5 Tips for Running a Company From Abroad
From the Other Side of the World

As an entrepreneur who travels frequently, I know all too well the anxiety of leaving my business behind.  My travels have made me a better entrepreneur and leader, and while not everyone has this insatiable itch to wander the world, I believe every entrepreneur could benefit from voyaging abroad and experiencing new things.

That said, while leaders are flying to a different continent, their team will be making key decisions without their oversight.  This can be scary, especially for the type-A leader -- but it is manageable. If you’re looking for this kind of challenge, here are a few tips to keep your business running smoothly:

1. Communicate clearly and often When working internationally, communication is key. It’s hard enough to manage employees within your building, but even more difficult when those employees are several time zones ahead of you. Their work day is winding down just as yours is getting started. 

2. Let go of control.  At some point in your entrepreneurial journey, you’ve probably said, “If I want something done right, I have to do it myself!” Almost all entrepreneurs have. However, this mentality won’t give you the freedom you need to travel. You need to delegate.

If you struggle with delegation, don’t worry -- you’re not alone. Approximately half of all companies are in the same boat. But I’ve found the real trick to feel confident about delegation is to hire people with complementary skill sets to your own. That way, you won’t be able to jump in on their work, because you can’t actually do their work.

3. Hire employees who don’t need you.  Studies have shown that extrinsic motivation is a horrible method by which to drive behavior. Do you really want employees who only work hard when you dangle a carrot in front of their faces and require a firm pat on the back afterward?

Instead, hire a self-sufficient manager to anchor the ship while you’re gone, and surround this individual with people who don’t need constant validation. Under the right leadership, self-motivated employees won’t kick back and relax the second you step out of the office, which means productivity won’t plummet while you’re off.
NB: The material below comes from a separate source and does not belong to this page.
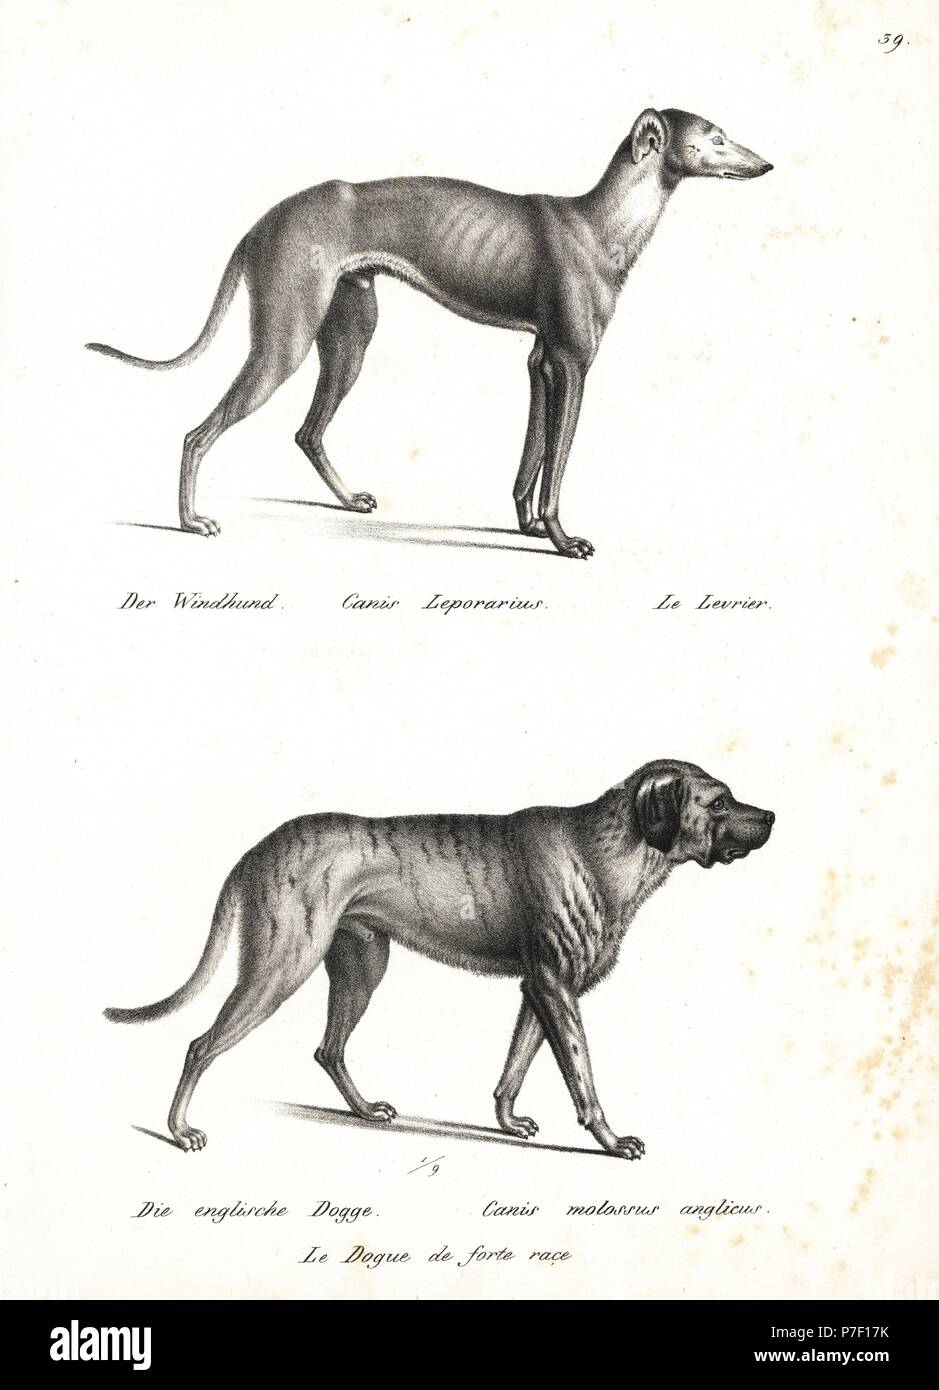 English greyhound, Canis leporarius, and English bulldog, Canis molossus anglicus. Lithograph by Karl Joseph Brodtmann from Heinrich Rudolf Schinz's Illustrated Natural History of Men and Animals, 1836. Stock Photo

4. Establish organization modes that work for your team.  When I first started traveling, I had to find ways to stay connected with my team.  We’ve tried various things and are now having weekly internal calls to check in and stay up to date on the happenings within the company.

We build business process around customer satisfaction and project completion, we defined our own business rule in terms of approval, review and etc.

We also  benefit by incorporating our own ERP/ Project Management Tools, enabling us to keep tabs on projects quickly and easily at any time of day.  Build a flexible team that’s empowered to succeed in your absence, and find the right organizational tools that keep you in the loop.

5. Bridge the distance with technology. A personal connection is important while managing an international team and the right technology helps. Sharing technology, shared workplaces and cloud storage solutions  make working remotely a seamless process.

Mobility is also key to ensuring deadlines are met when working internationally because of the time difference.  Staying organized is a linchpin to a successful international business.